> **Information provided**
----------
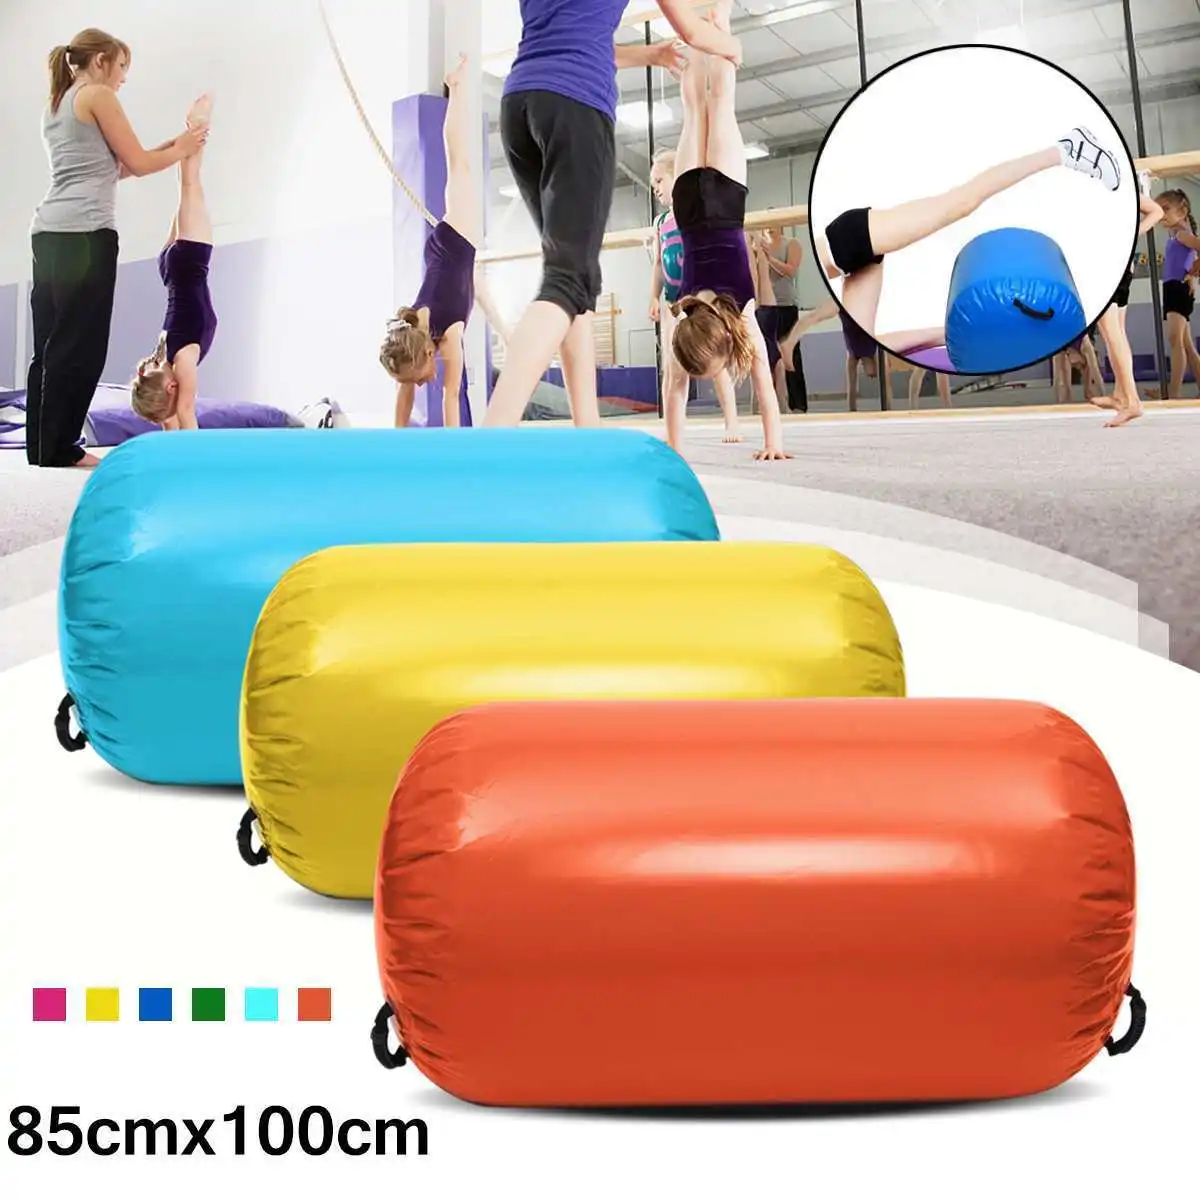 Надувной воздушный коврик 85x100 см для гимнастики пола дома упражнений
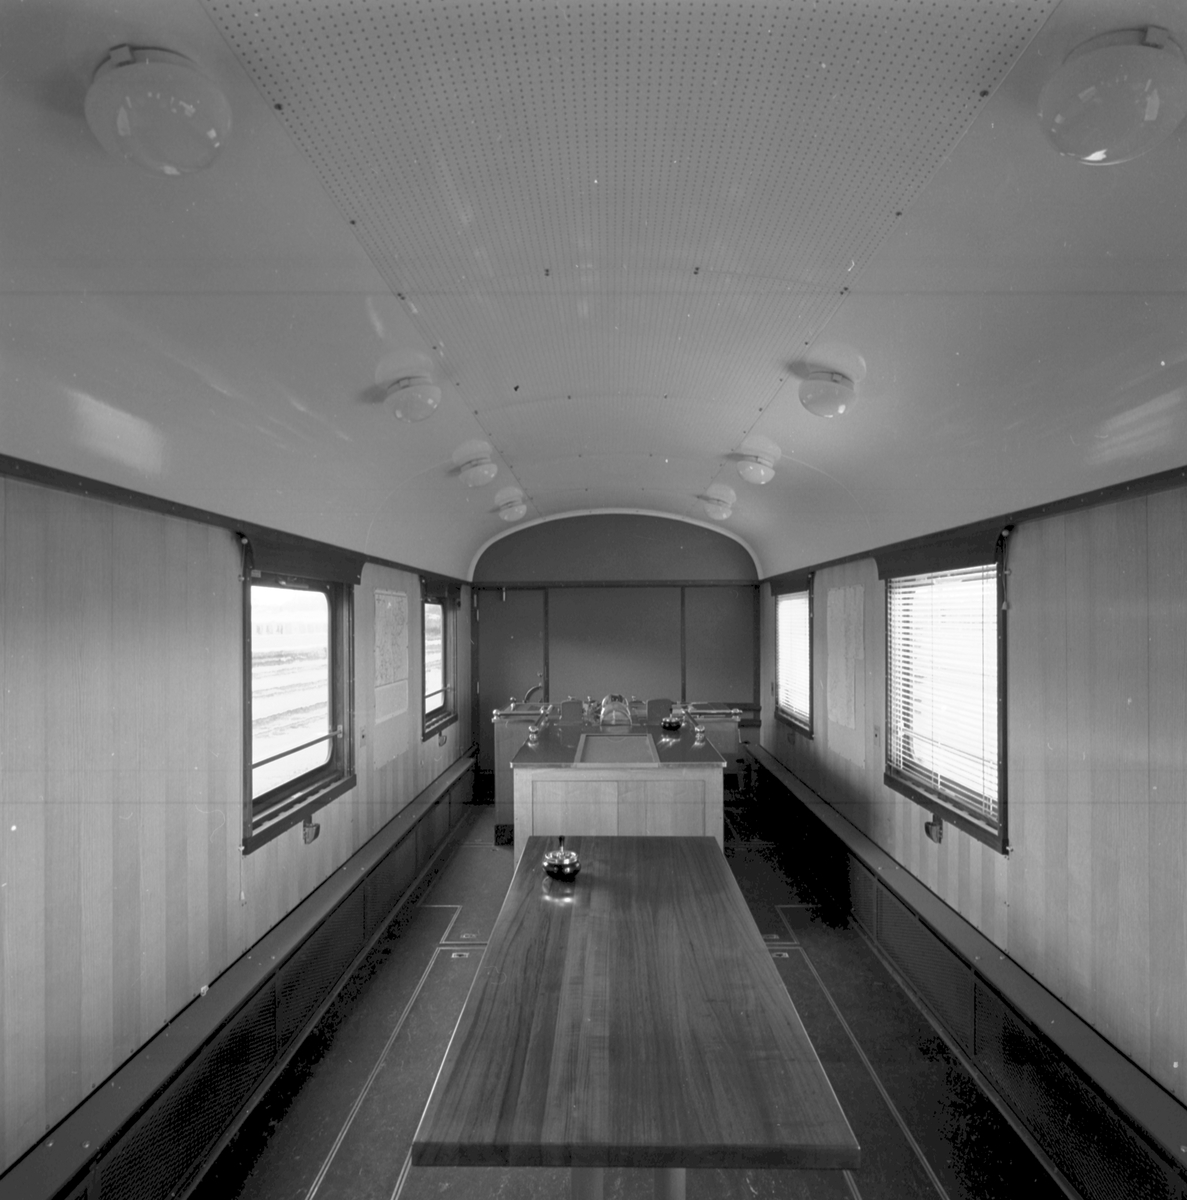 Mätvagn, ”Mauzins mätvagn”, Banverket Qie nr 984 0023. Tillverkad 1958 som SJ So4 nr 4610.
Vagnen är i slitet bruksskick som vid avställningen 1996 och obetydligt ombyggd. Det är en unik specialvagn och välbevarad arbetsmiljö vid järnvägen från slutet av 1900-talet. Vagnen har ett pentry med kylskåp, diskbänk och varmvattenberedare. Det finns även en avdelning med sovplatser. Vagnen var aldrig ombyggd trots lång användningstid. Vagnen avviker mot samtida vagnar genom tre boggier, kortare längd och orange färgsättning. Invändigt äkta känsla från Banverket och även SJ banavdelning. I gott trafikskick vid avställningen.
----------
> **Work order**
Write the full listing out again with every line unchanged, but include no pictures.

> **Solution**
 Надувной воздушный коврик 85x100 см для гимнастики пола дома упражнений
 Mätvagn, ”Mauzins mätvagn”, Banverket Qie nr 984 0023. Tillverkad 1958 som SJ So4 nr 4610.
Vagnen är i slitet bruksskick som vid avställningen 1996 och obetydligt ombyggd. Det är en unik specialvagn och välbevarad arbetsmiljö vid järnvägen från slutet av 1900-talet. Vagnen har ett pentry med kylskåp, diskbänk och varmvattenberedare. Det finns även en avdelning med sovplatser. Vagnen var aldrig ombyggd trots lång användningstid. Vagnen avviker mot samtida vagnar genom tre boggier, kortare längd och orange färgsättning. Invändigt äkta känsla från Banverket och även SJ banavdelning. I gott trafikskick vid avställningen.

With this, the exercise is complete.